In September, we made the tough decision to rehome Lila. For months, her and Macy had been fighting and Lila had been injured. Despite our concerted efforts to work with both dogs on training, and many alternative ideas we considered such as keeping our house divided using baby gates or keeping one dog crated at all times, we eventually came to the decision that all involved would be better off by rehoming Lila. She is better suited to be a single dog, and when it came down to it, the thought of rehoming Macy was unbearable. (Not to mention the increased difficulty of rehoming a bully breed dog with a history of aggression towards other dogs). For the record, Macy gets along just fine with other dogs at the dog park and with Sky and Roscoe. It was really a personal thing between her and Lila.

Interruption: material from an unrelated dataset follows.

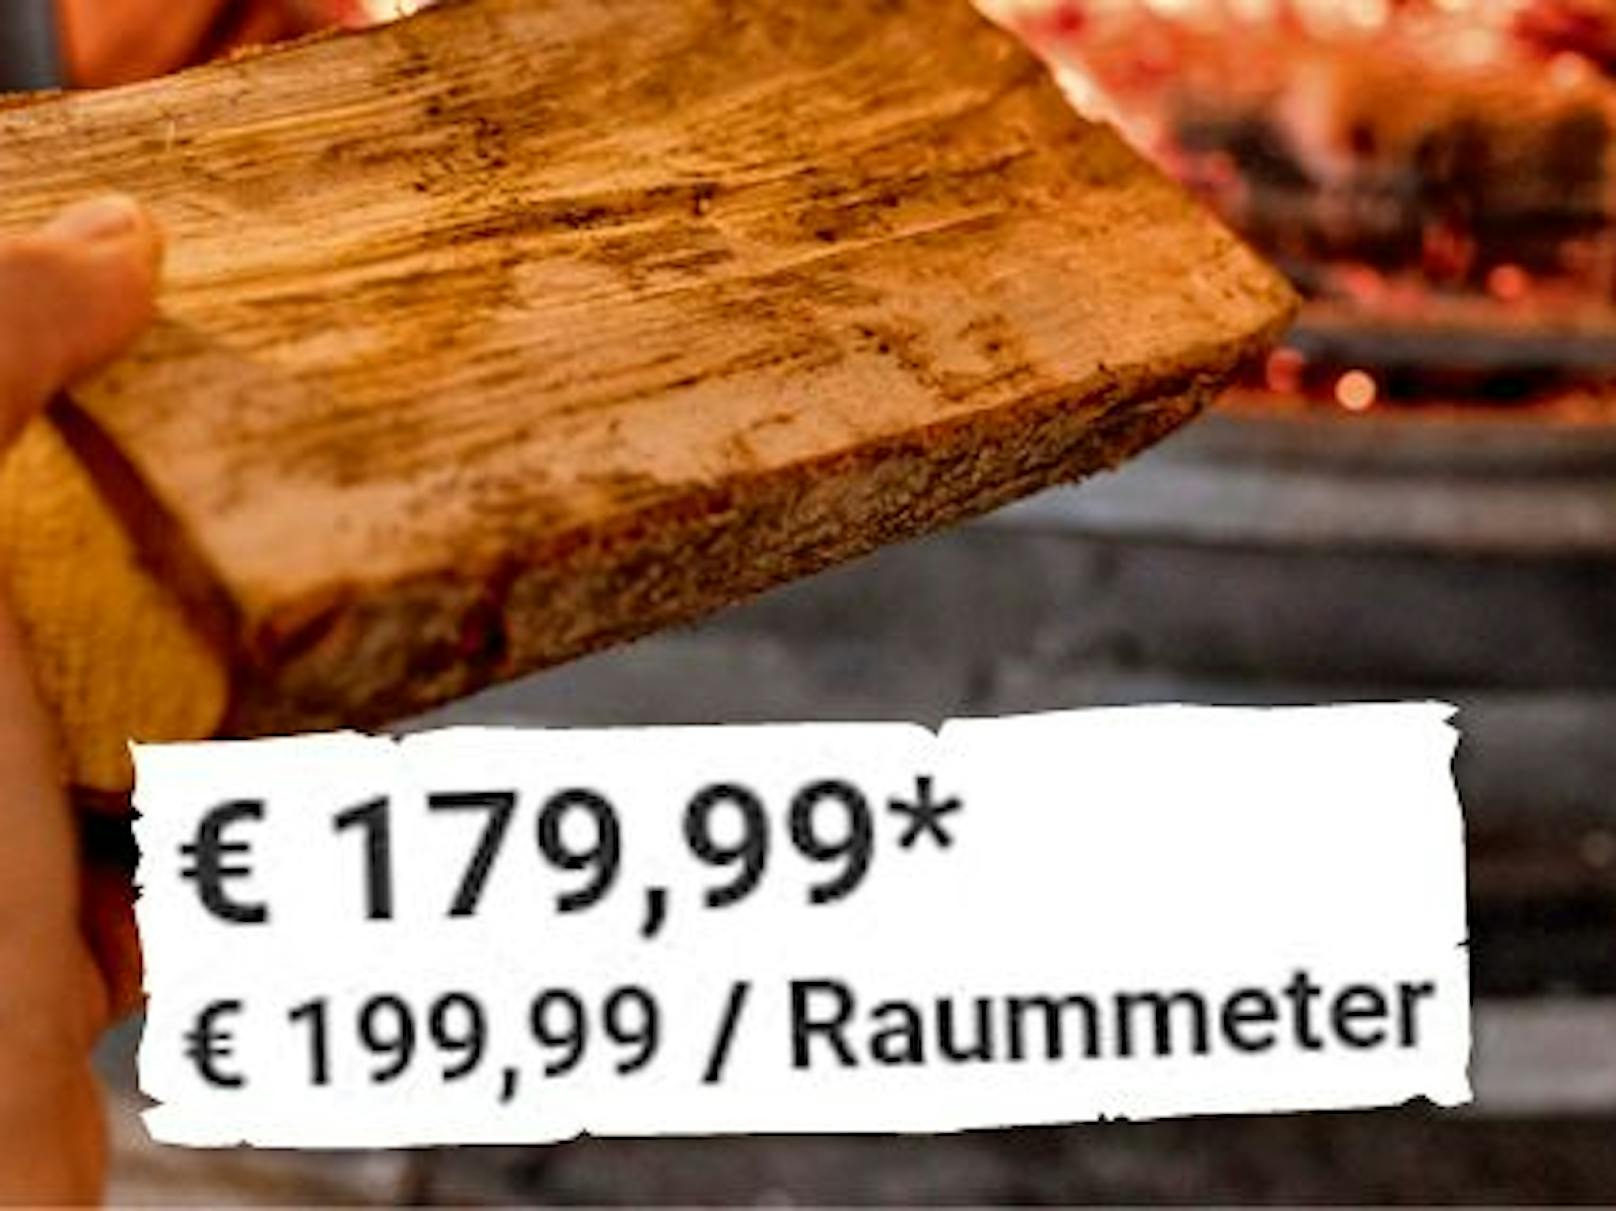 Der Raummeter Brennholz kostet in einem Baumarkt bereits knapp 200 Euro.

We did find a great home for Lila and noticed an immediate difference in our pack at home after she was rehomed. We know we made the right decision, and even though we miss Lila, we are happy that she is safe and happy now.
So with that, we are now at three dogs, two cats, three guinea pigs, three bunnies, two birds, and one mouse—a total of fourteen pets!
How do I manage it, you may ask? It’s actually not as hard as it may seem. It takes me under an hour a day to take care of all of the pet care responsibilities! Time spent petting animals and walking the dogs is not included in that, because a) I don’t walk my dogs every day, but when I do walk them I consider it fun, not a chore, and b) petting animals is also fun, not a chore.
Honestly, Cory and I often find ourselves at the end of the workday with all of the chores done and nothing to do! Despite what appears to be a full plate, we have a lot of spare time and we definitely have the capacity add more to our lives. That’s a big reason we know for sure that we are ready to have another baby.
I love having a lot of pets and it gives me something positive to do with my time and energy. I also love that my kids get to experience living with animals and learn how to care for them. I wouldn’t mind downsizing over time, as I mentioned before, and in fact I feel it would be quite nice to have only a few pets for a change. Nevertheless, I like things the way they are now and I’m glad that the Westropp Zoo is so interesting and fun.
In late January, as of the time of this posting, we also have now added two betta fish to our zoo. While I truly didn’t want any more pets, I couldn’t resist a little “homeschool” lesson setting up a habitat for the fish with the kids. The fish are the kids’ first pets that belong to them, but of course as the adult I am the one responsible for taking care of them. The kids help feed them twice a day, which is fun for them, and they love to watch them swim around their aquariums. They even named them—Biscuit is Cody’s fish and Baby is Abigail’s.